The word “prophesy” also is an interesting choice. First, the writer uses a word that represents a trance-like, ecstatic state rather than one that is more measured, such as “call” or “speak” or even “announce”. The sense of the mystical nature of the event is emphasized. Second, this verb is in the Niphal imperative form, but it does not seem to carry the usual import of a Niphal-form verb. Even more intriguing is the use of this word seven times in this brief passage. Seven is a highly symbolic number, believed to be sacred among Egyptians, Mesopotamians and other Semitic peoples.
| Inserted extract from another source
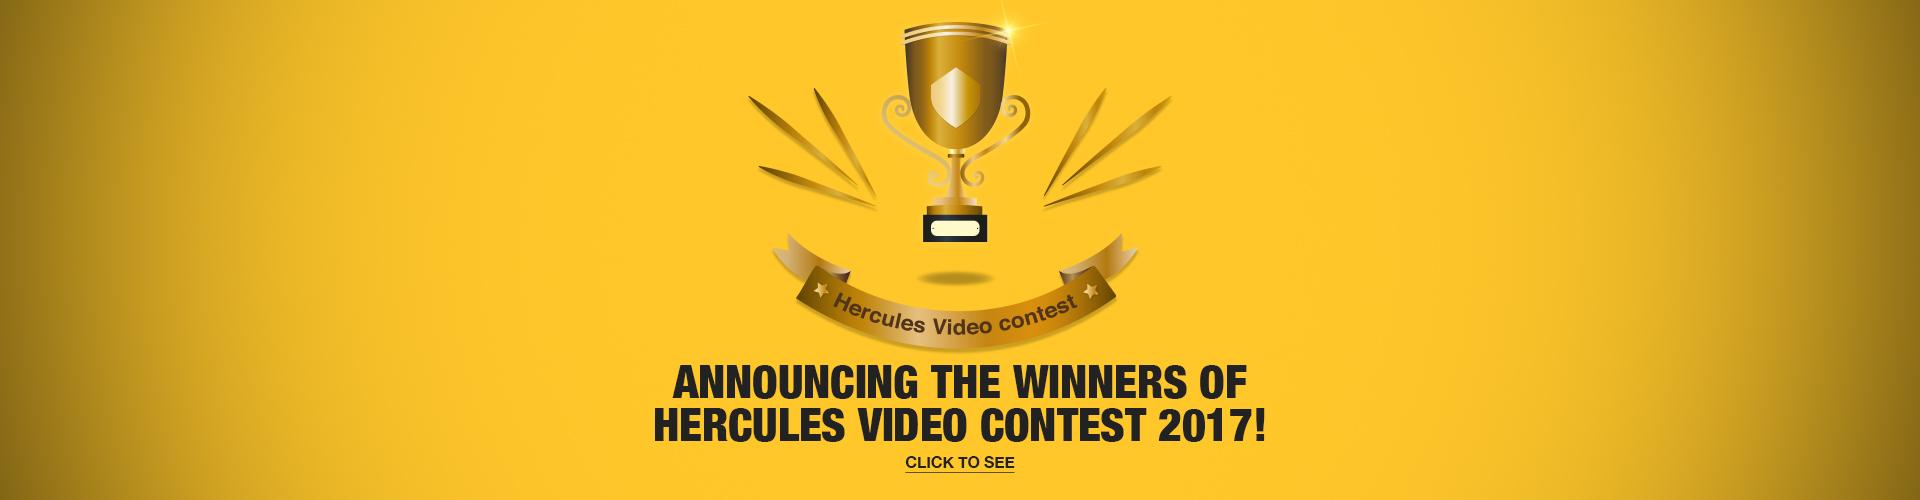 Hercules Video Contest 2017

The number holds implications of completeness, from a cosmic (planetary), temporal (week) and liturgical (sabbath) perspective.  Are the seven calls to prophesy necessary to complete the rebuilding of the house of Israel?
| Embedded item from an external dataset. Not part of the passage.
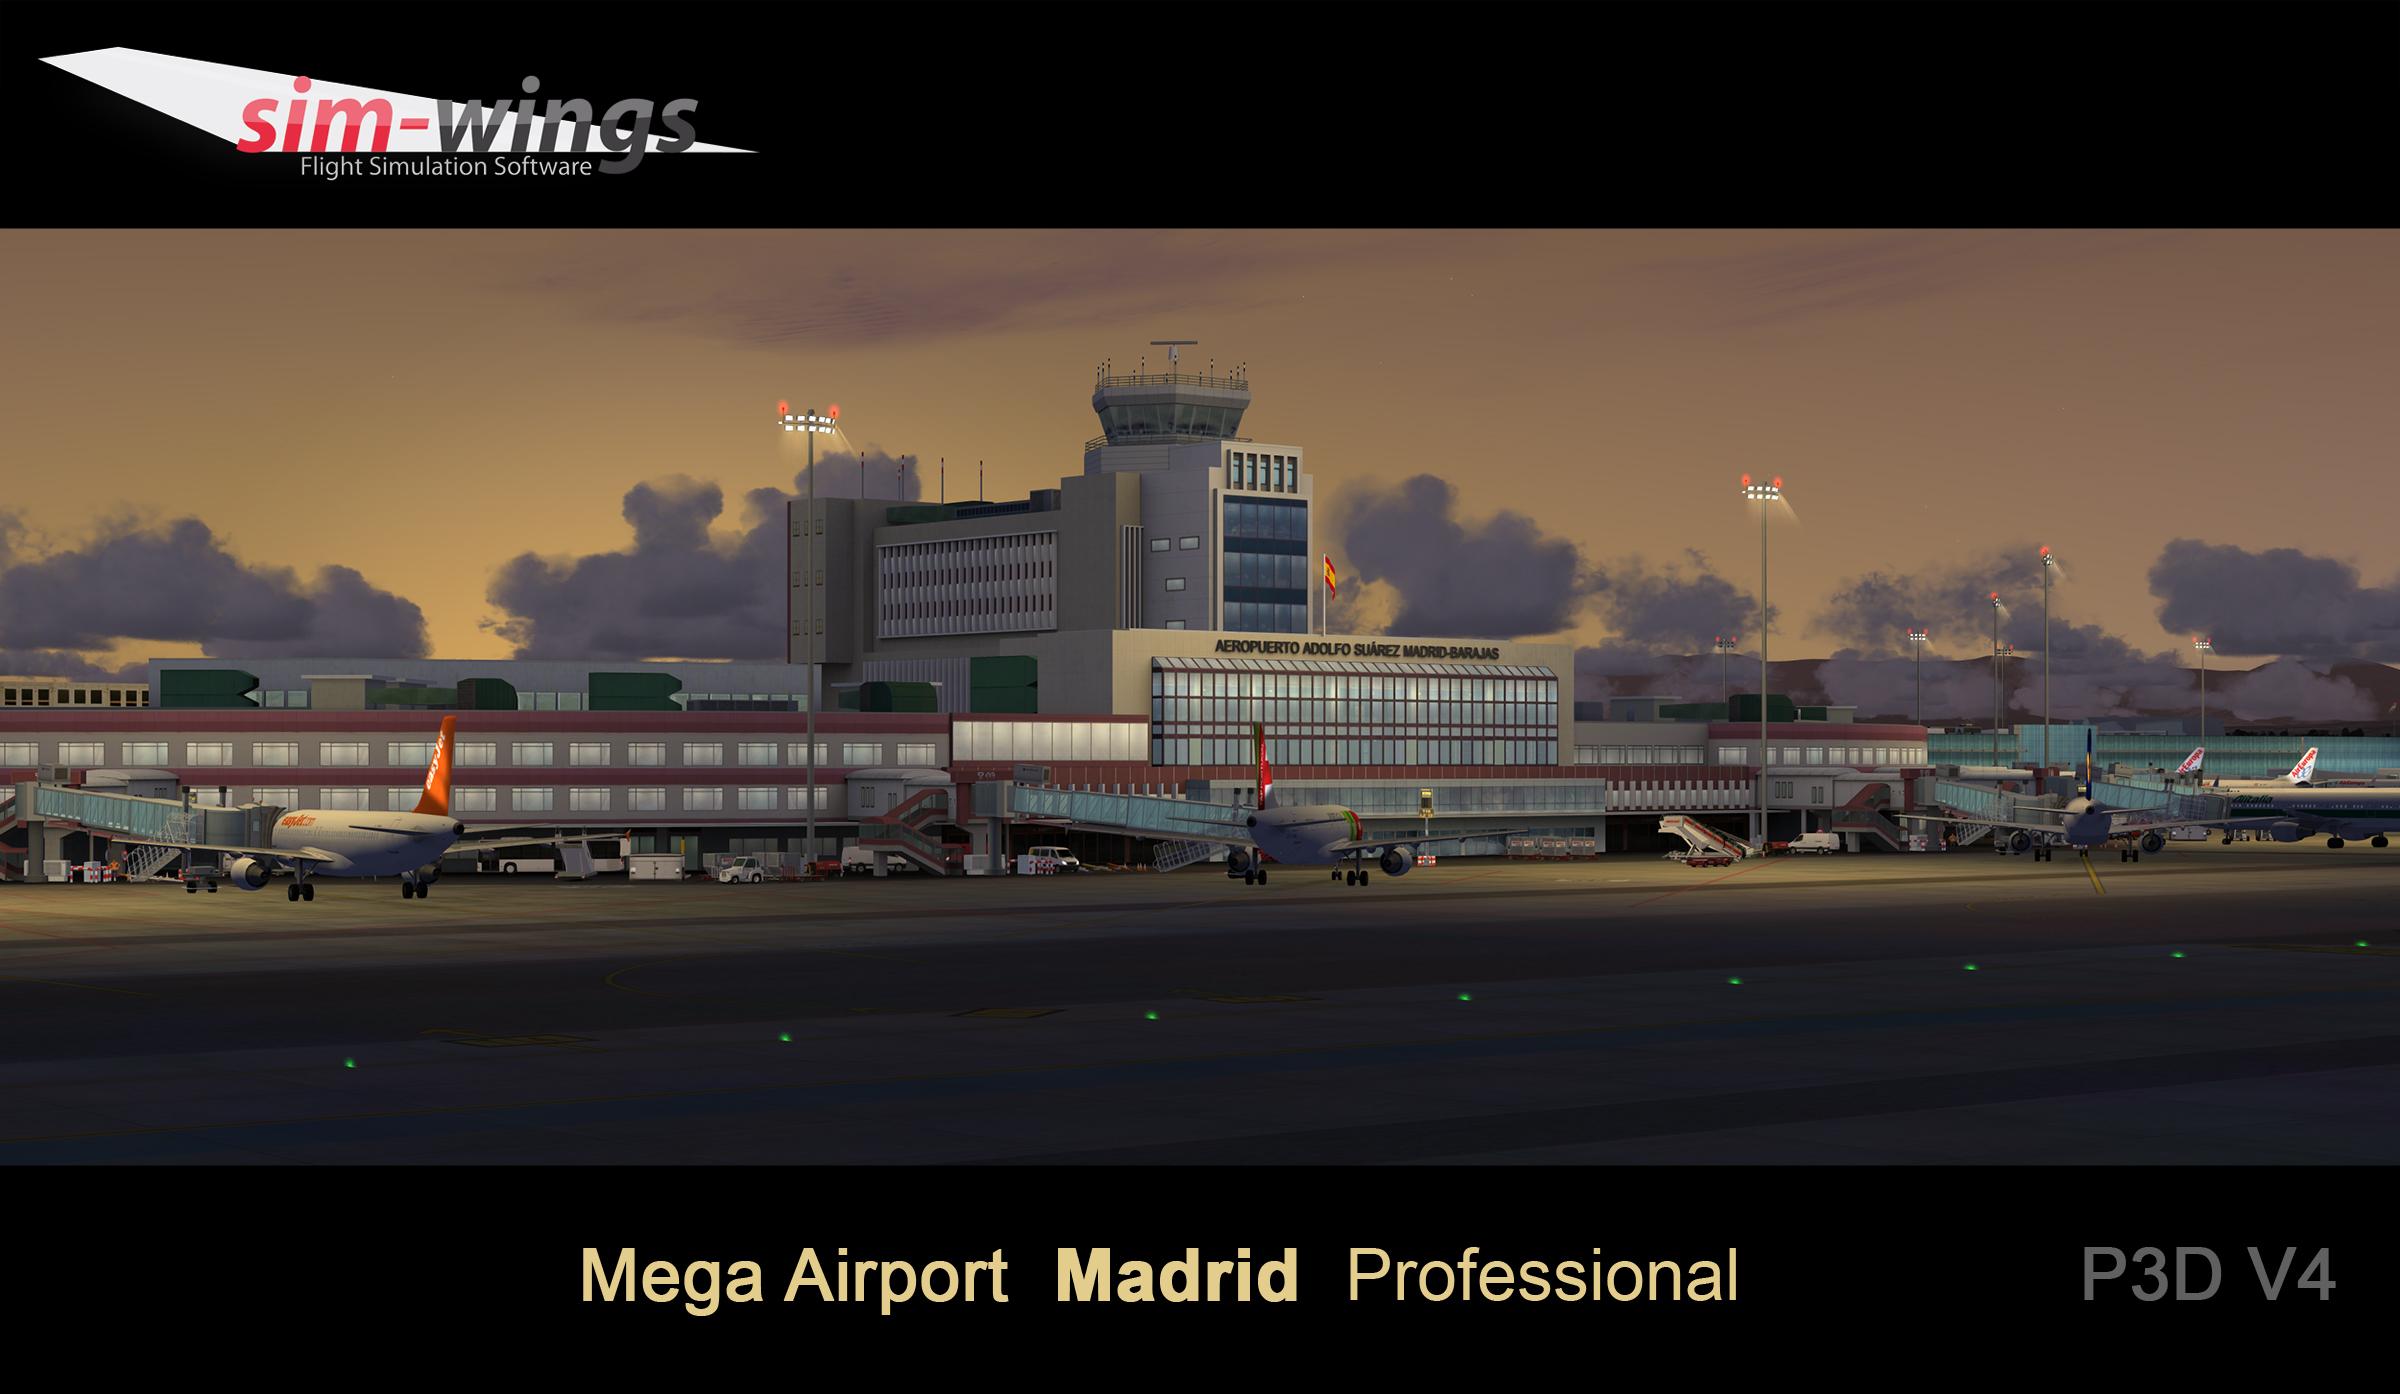 Mega Airport Madrid professional

This leads to another thorny question: Ezekiel’s first attempt to prophesy to the bones, which God has said will bring them back to life, in fact does not. It assembles the bones and lays on the sinews and flesh. He has to prophesy again, by calling to the breath carried by the four winds to inhabit these still bodies. One would presume that the first call would accomplish the deed, since God has told Ezekiel that it would. And yet it does not. Is the additional call required to bring the number of usages of “prophesy” to seven, indicating completeness? Is it required to emphasize God’s power, corralling winds from the four cardinal points to infuse the bodies with life?
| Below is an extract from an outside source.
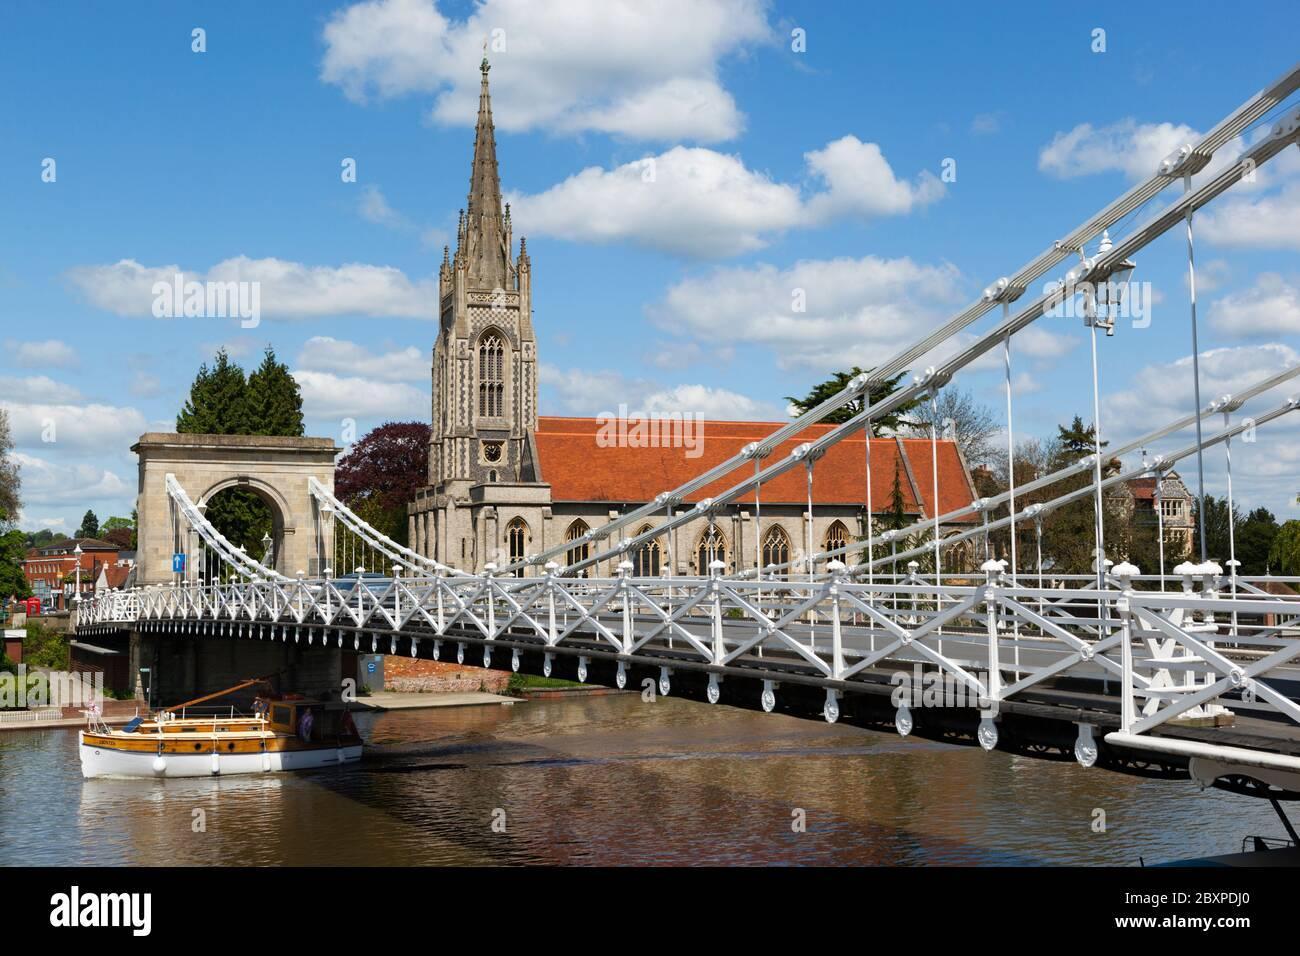 All Saints Church and suspension bridge, Marlow, Buckinghamshire, England, United Kingdom, Europe Stock Photo

And what of the four winds? Yarbro Collins makes the point that the four winds represent an ordered, structured world (as do the seven heavens) in her analysis of the Book of the Watchers (I Enoch 1-26):
“The theme of order is quite explicit here…On his first journey, Enoch saw the ‘storehouses of all the winds’ (18.1)…In chapter 18 reference is made to the four winds which stretch out the height of heaven. These four winds are called the pillars of heaven (18.3).” 
Further in her analysis, Yarbro Collins describes a variation on this theme, the twelve winds that are associated with the four quarters of the earth in Enoch’s Book of the Heavenly Luminaries (I Enoch 72-82), which focuses on cosmological/astronomical laws. In The Interpreter’s Dictionary of the Bible, M.H. Pope also stresses the sacredness of the number four, “deriving its significance primarily from the four cardinal directions.”
The idea of a completed task, a whole unit of work, is given great emphasis in a way that would resonate with the post-exilic Jewish listener by the use of emphasis and numerical symbolism. Only with God’s help, and God’s power, can the task be brought to completion. Only when the whole of God’s spirit infuses the whole enterprise can the House of Israel be rebuilt.
Zimmerli sees the image of this valley as “the great death” to be followed by a great resurrection. This is a resonant image for Christians. It takes us from a temporal and political space (re-establishment of Israel once again in its own land) to a cosmic and spiritual one that suggests the eschaton. It is an extraordinarily powerful one, but it begs the question: how can this speak to us today, in this place and time? Blenkinsopp echoes Zimmerli’s view, but cautions that “it would probably be mistaken to exclude systematically any hint of the postmortem destiny of the individual.”
Thus, I find myself thinking not of the end-times, but of the necessary reuniting of the fallen soul of the individual – each of those shattered piles of bones – restored to spiritual health as part of the Body of Christ. This is congruent with Blenkinsopp’s view: individuals are repaired (vv. 7-10) and then they are repaired as a community (vv. 11-14).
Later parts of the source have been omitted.